Tidak bisa dimungkiri bahwa media sosial telah menjadi bagian besar dari kehidupan Gen Z. Hampir semua aspek kehidupan mereka terdokumentasi dan dibandingkan secara publik. Ini menciptakan standar yang sering kali tidak masuk akal, di mana kesuksesan diukur dari jumlah "like", "view", atau "follower".
Masalahnya, media sosial hanya menampilkan sisi terbaik dari kehidupan seseorang. Ketika seorang anak muda melihat teman sebayanya sukses lebih dulu, memiliki gaya hidup yang tampak lebih glamor, atau mencapai sesuatu yang besar, mereka mulai merasa tertinggal.
Fenomena ini dikenal sebagai imposter syndrome, di mana seseorang merasa dirinya tidak cukup baik atau tidak layak berada di posisi tertentu. Rasa tidak percaya diri ini bisa sangat merusak mentalitas mereka, membuat mereka lebih mudah menyerah sebelum benar-benar mencoba.
Ketidakpastian Masa Depan dan Beban yang Lebih Berat
Jika generasi sebelumnya hidup di era yang relatif lebih stabil dalam hal ekonomi dan pekerjaan, Gen Z menghadapi dunia yang jauh lebih kompetitif dan tidak pasti. Kenaikan biaya pendidikan, tingginya persaingan kerja, dan perubahan besar akibat teknologi dan pandemi membuat mereka lebih cemas tentang masa depan.
Data dari World Economic Forum menunjukkan bahwa tingkat kecemasan dan depresi di kalangan Gen Z lebih tinggi dibandingkan generasi sebelumnya. Salah satu penyebabnya adalah ketidakpastian ekonomi yang membuat mereka merasa tidak memiliki kendali atas masa depan mereka sendiri.
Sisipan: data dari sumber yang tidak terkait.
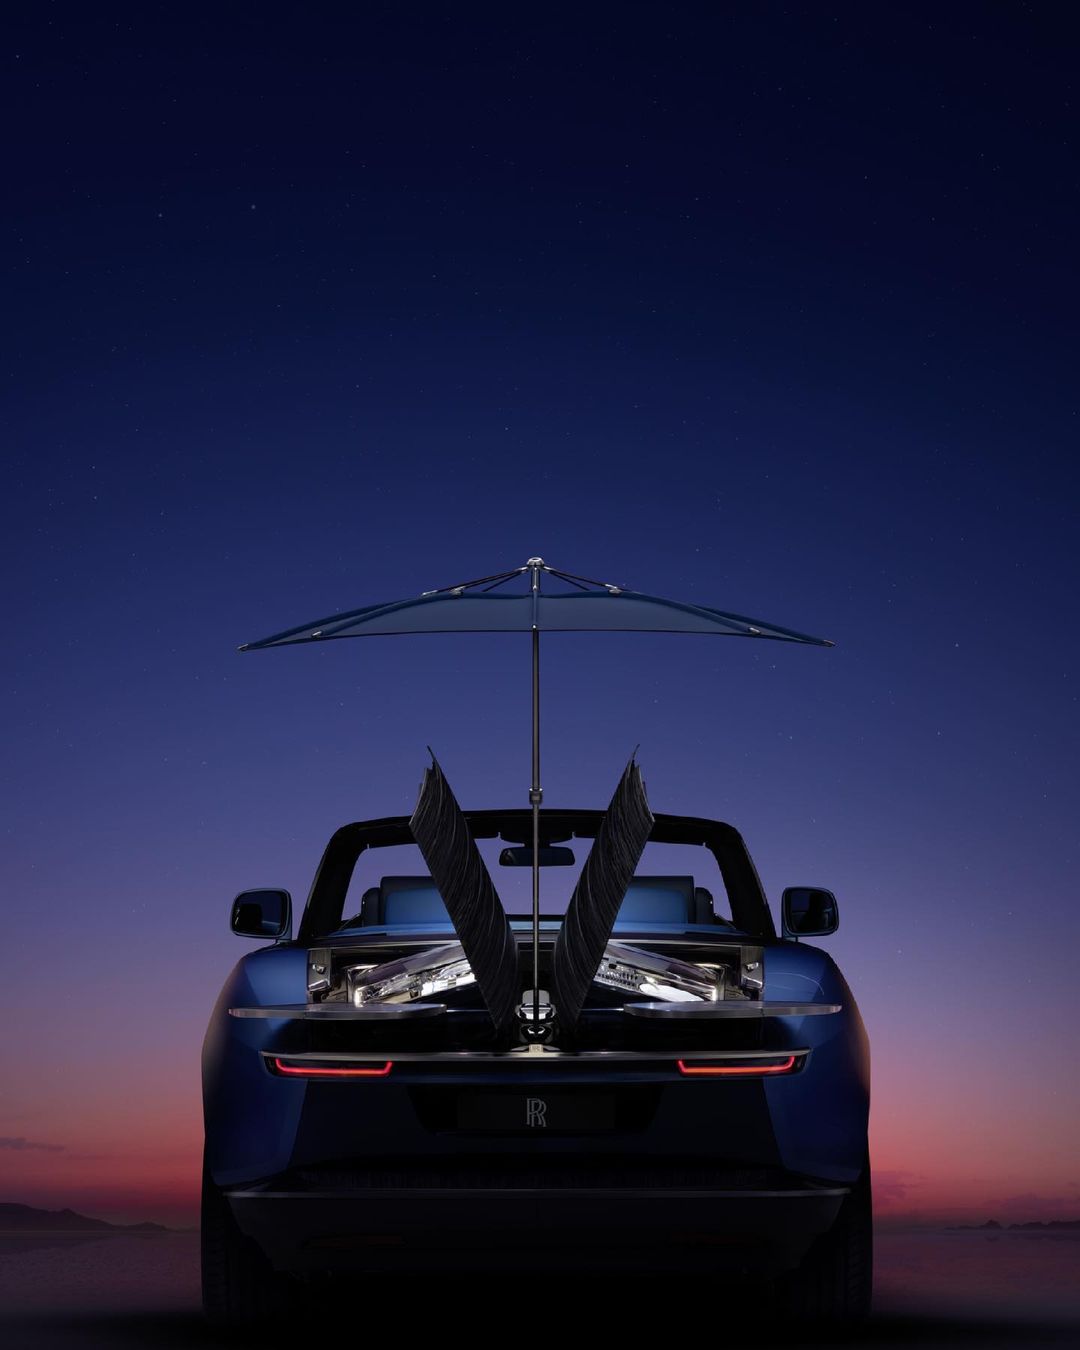 Бейонсе и Джей-Зи приобрели Rolls-Royce Boat Tail за $28 млн – самое дорогое авто в мире

Ketika seseorang hidup dalam ketidakpastian yang konstan, wajar jika mereka merasa lebih mudah menyerah. Bukan karena mereka tidak ingin berusaha, tetapi karena mereka merasa perjuangan mereka tidak akan memberikan hasil yang sepadan.
Budaya Kerja yang Berbeda
Gen Z juga memiliki pandangan yang berbeda terhadap dunia kerja. Jika generasi sebelumnya lebih cenderung bekerja keras tanpa banyak mempertanyakan sistem, Gen Z lebih sadar akan kesejahteraan mental mereka.
Mereka tidak segan untuk keluar dari pekerjaan yang dianggap merugikan kesehatan mental mereka. Mereka lebih mementingkan keseimbangan hidup dibandingkan sekadar gaji tinggi. Bagi sebagian orang, ini dianggap sebagai tanda kurangnya ketahanan mental. Namun, jika dilihat dari perspektif lain, ini bisa jadi tanda bahwa mereka lebih sadar akan hak dan batasan mereka.
Gen Z lebih vokal dalam menolak budaya kerja yang toxic. Mereka tidak segan menentang atasan yang tidak adil dan menolak bekerja lembur tanpa kompensasi. Jika lingkungan kerja tidak memberikan mereka ruang untuk berkembang, mereka tidak ragu untuk pergi.